- _What you should do_:
Give back exactly the lines of the data below, starting with the line that has "Land Gelb Bad" and going on through the line that has "Sunset Philippines Cebu Bahoal 08".

- _The data_:
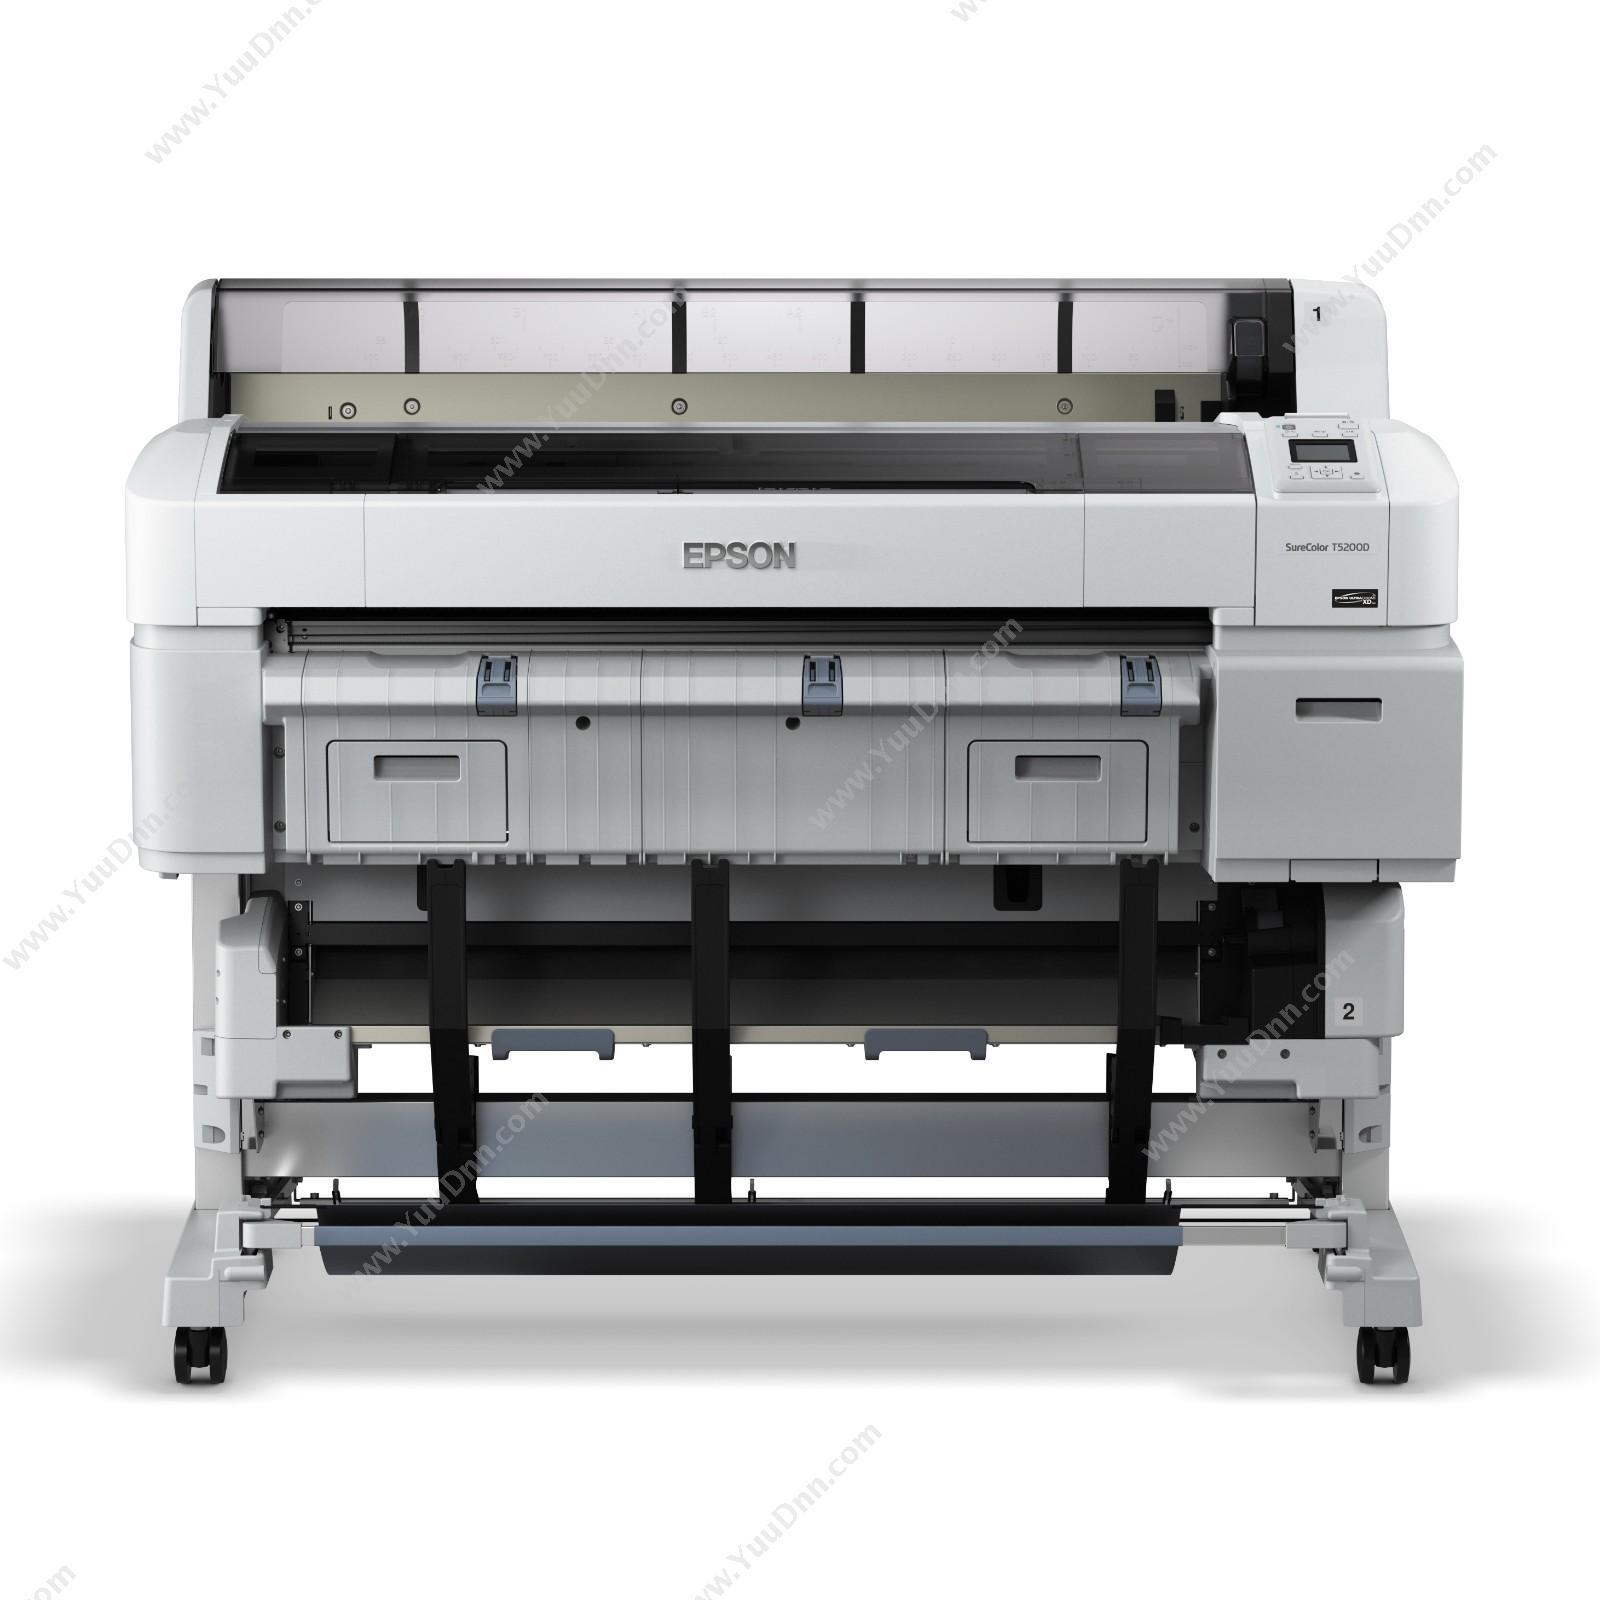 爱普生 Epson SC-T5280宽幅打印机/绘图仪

==

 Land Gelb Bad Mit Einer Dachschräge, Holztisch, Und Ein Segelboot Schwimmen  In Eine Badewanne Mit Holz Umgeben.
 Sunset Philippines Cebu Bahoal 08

* * *

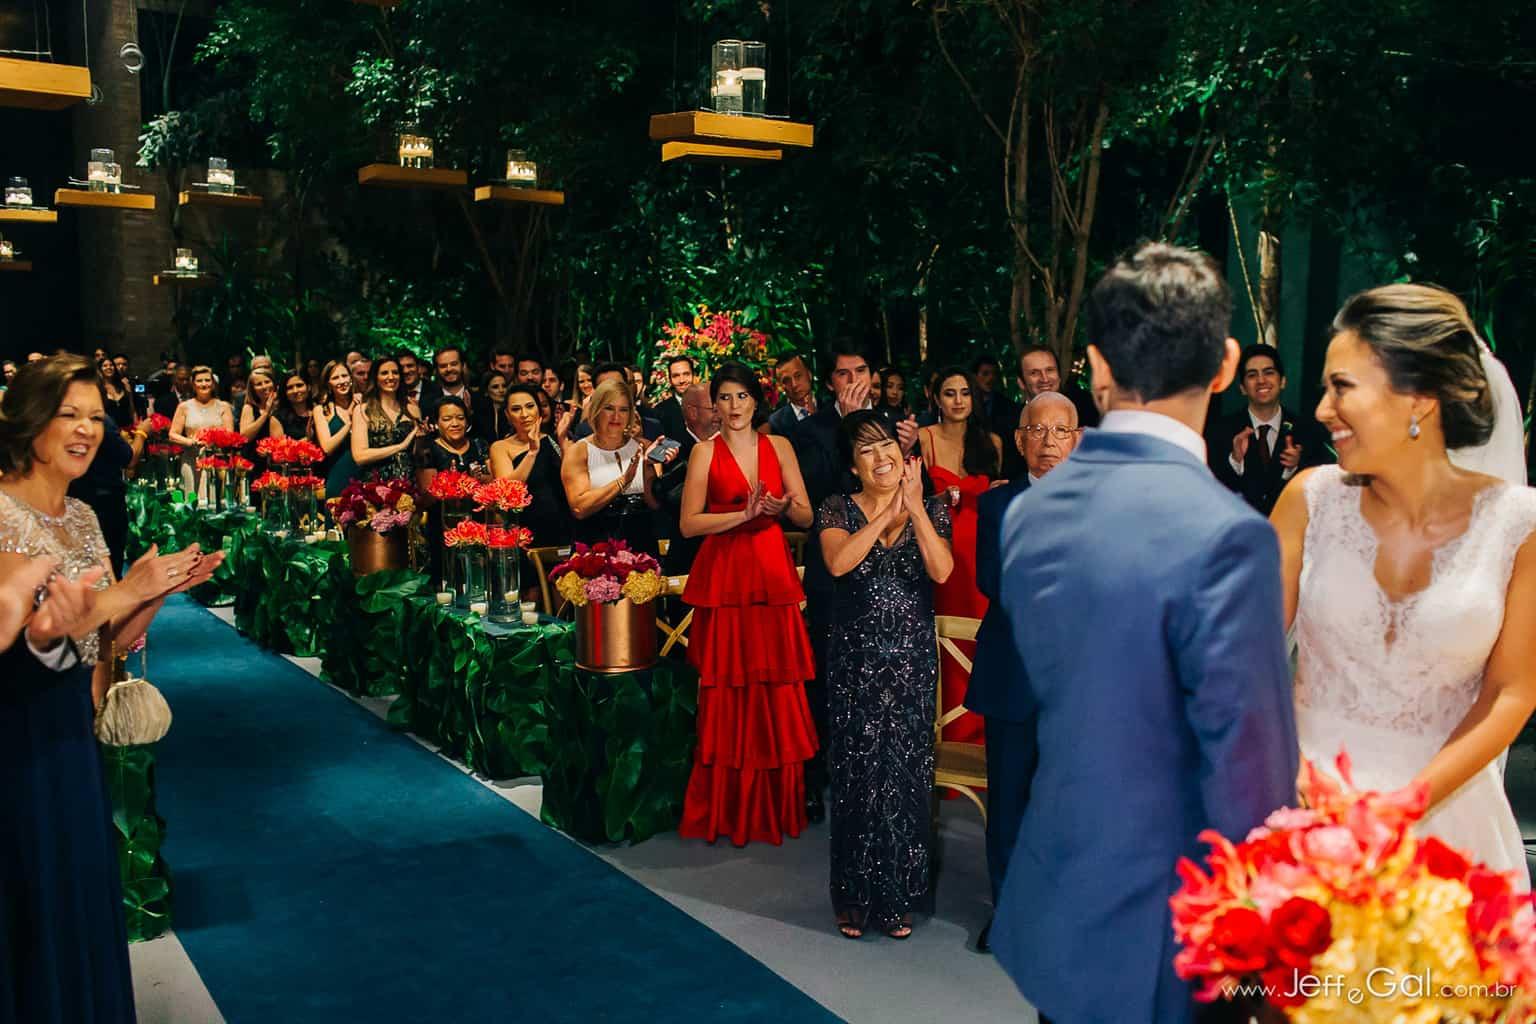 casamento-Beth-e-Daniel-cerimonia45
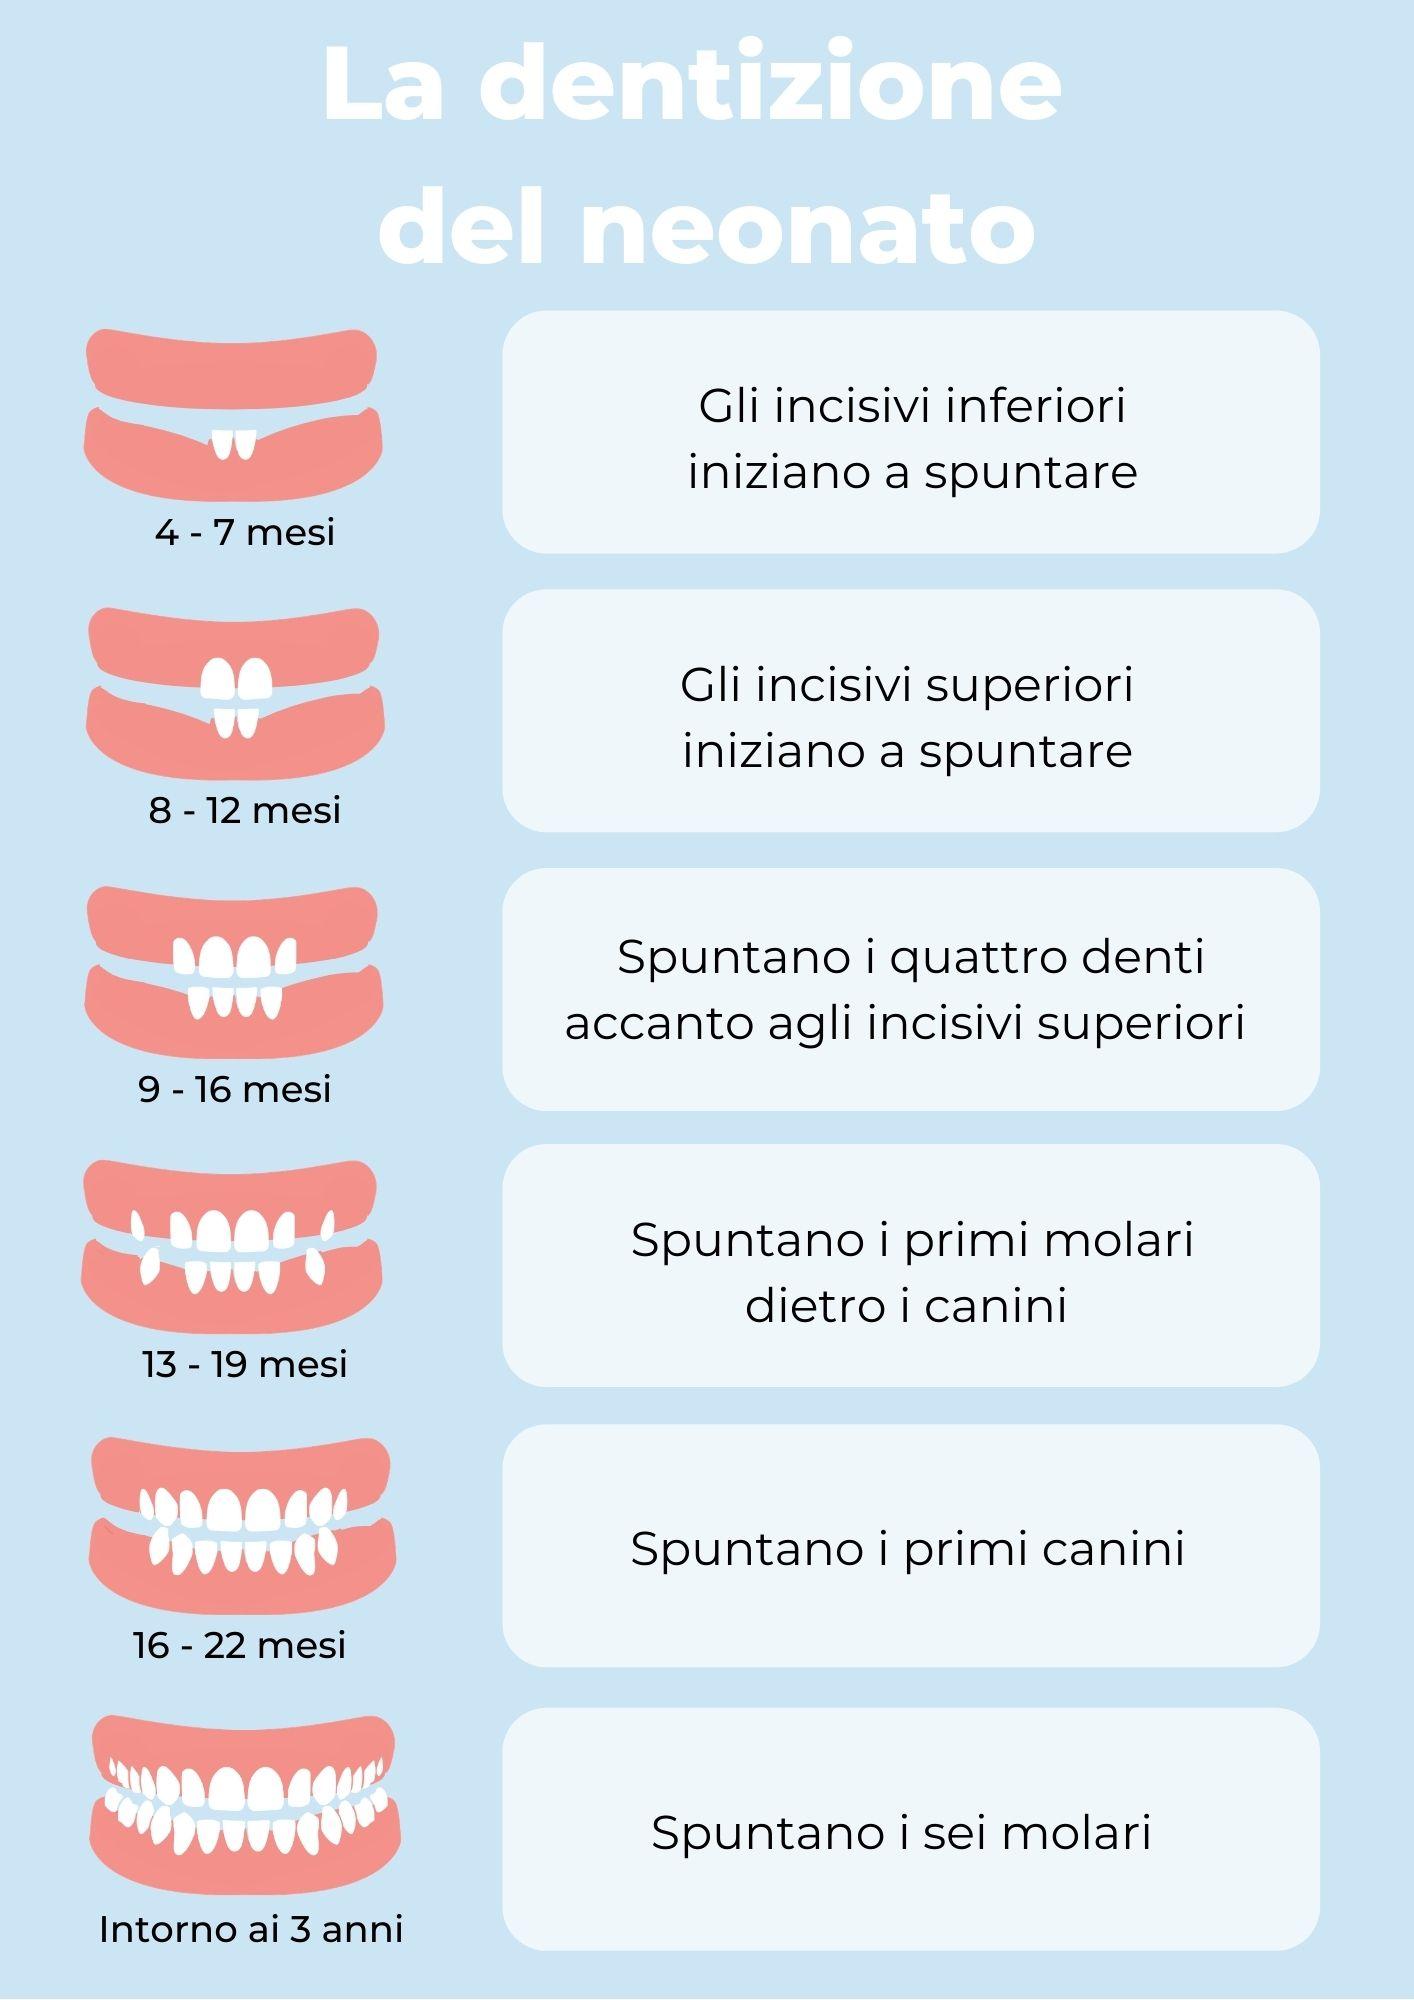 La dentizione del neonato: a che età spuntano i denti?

- _Solution to this exercise_:
 Land Gelb Bad Mit Einer Dachschräge, Holztisch, Und Ein Segelboot Schwimmen  In Eine Badewanne Mit Holz Umgeben.
 Sunset Philippines Cebu Bahoal 08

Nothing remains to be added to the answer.